Quant au débat entre continentalisme et multilatéralisme, Derek Burney et Michael Kergin abondent dans le même sens : il est impératif que le gouvernement canadien adopte une approche plus mature vis-à-vis des États-Unis, laissant de côté cette tendance à définir le pays comme « non américain », pour plutôt s’affirmer pleinement comme un allié loyal et crédible. Il s’agit là d’une condition nécessaire afin que le Canada puisse espérer exercer une certaine influence internationale, particulièrement en cette ère de dévolution de la puissance relative. La proximité avec les États-Unis est ainsi considérée comme une source de pouvoir, et non de faiblesse ; elle requiert de la part d’Ottawa davantage de leadership et de vision afin de tirer le maximum de la relation asymétrique avec le voisin du sud.
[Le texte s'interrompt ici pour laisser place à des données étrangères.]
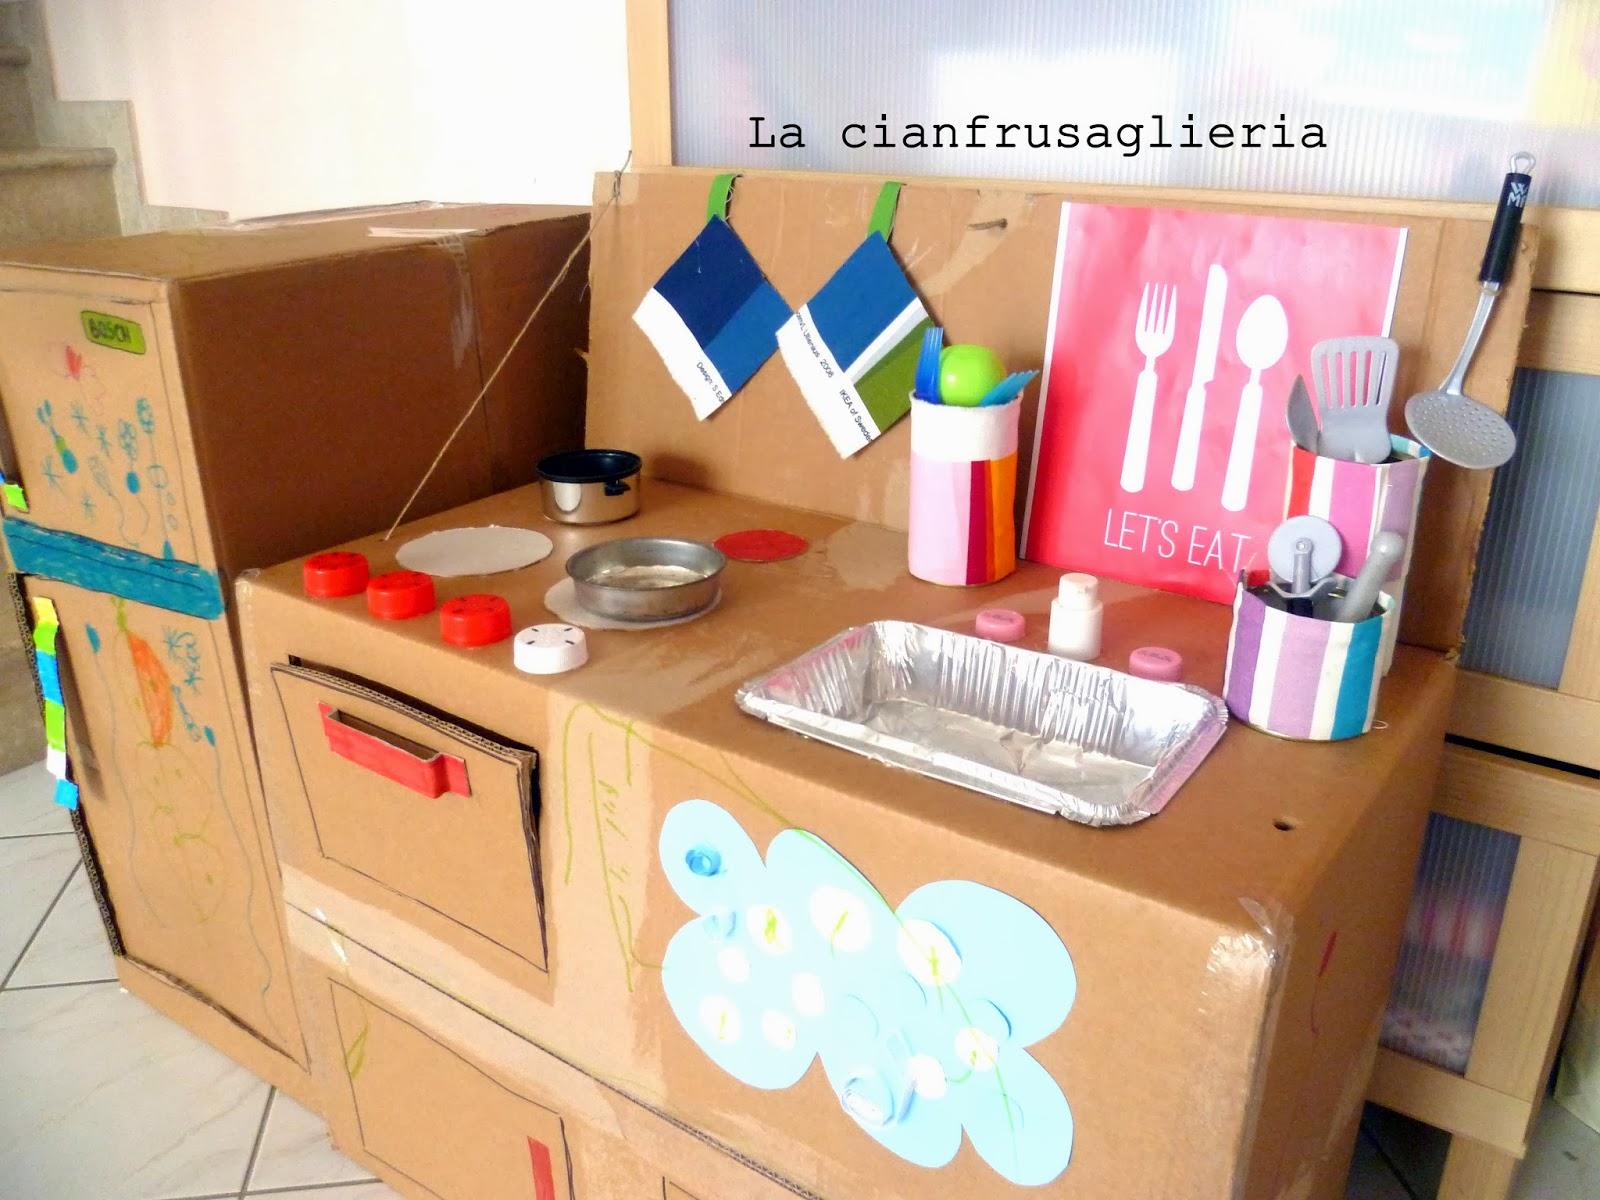 Come fare una cucina in cartone tutorial in italiano - Casa di cartone ...

De la même manière, mais sur un plan multilatéral, une série d’auteurs constatent l’absence de vision innovatrice de la part du gouvernement Harper sur la scène internationale. Comment le Canada peut-il « rejoindre » le monde ? C’est ce que se demande Carolyn McAskie, laissant sous-entendre qu’il l’a désormais délaissé. Si McAskie recommande au Canada d’augmenter l’aide publique au développement et d’adopter une politique préventive et multidimensionnelle envers les États en faillite, d’autres estiment que le regain de crédibilité internationale passe par ses relations avec les puissances émergentes (Russie, Chine, Inde), notamment par l’entremise de la nouvelle structure de gouvernance mondiale que représente le G20.

D’autres encore exposent avec perspicacité l’absence d’engagement canadien en Afrique, d’initiatives en matière de droits de la personne ou, encore, de prises de position à l’égard des enjeux de l’heure que sont le désarmement nucléaire, la libéralisation du commerce à l’échelle mondiale et les changements climatiques. Alors que certains, dont Nicholas Bayne et Gordon Smith, estiment que la solution passe par le développement d’une diplomatie de niche, d’autres, comme Jayantha Dhanapala et Jeremy Kinsman, jugent plutôt que le Canada doit reprendre son rôle d’entremetteur, c’est-à-dire de leader qui contribue à ériger des ponts plutôt que des barrières entre les pays.

En dernière analyse, les contributeurs à la 25e édition de Canada Among Nations émettent un double constat : ils déplorent le manque de leadership canadien, de même que les carences en matière de politiques innovatrices qui en résultent. Ils formulent tous, en revanche, des recommandations qui pourraient permettre, si elles étaient entendues, de résorber la situation.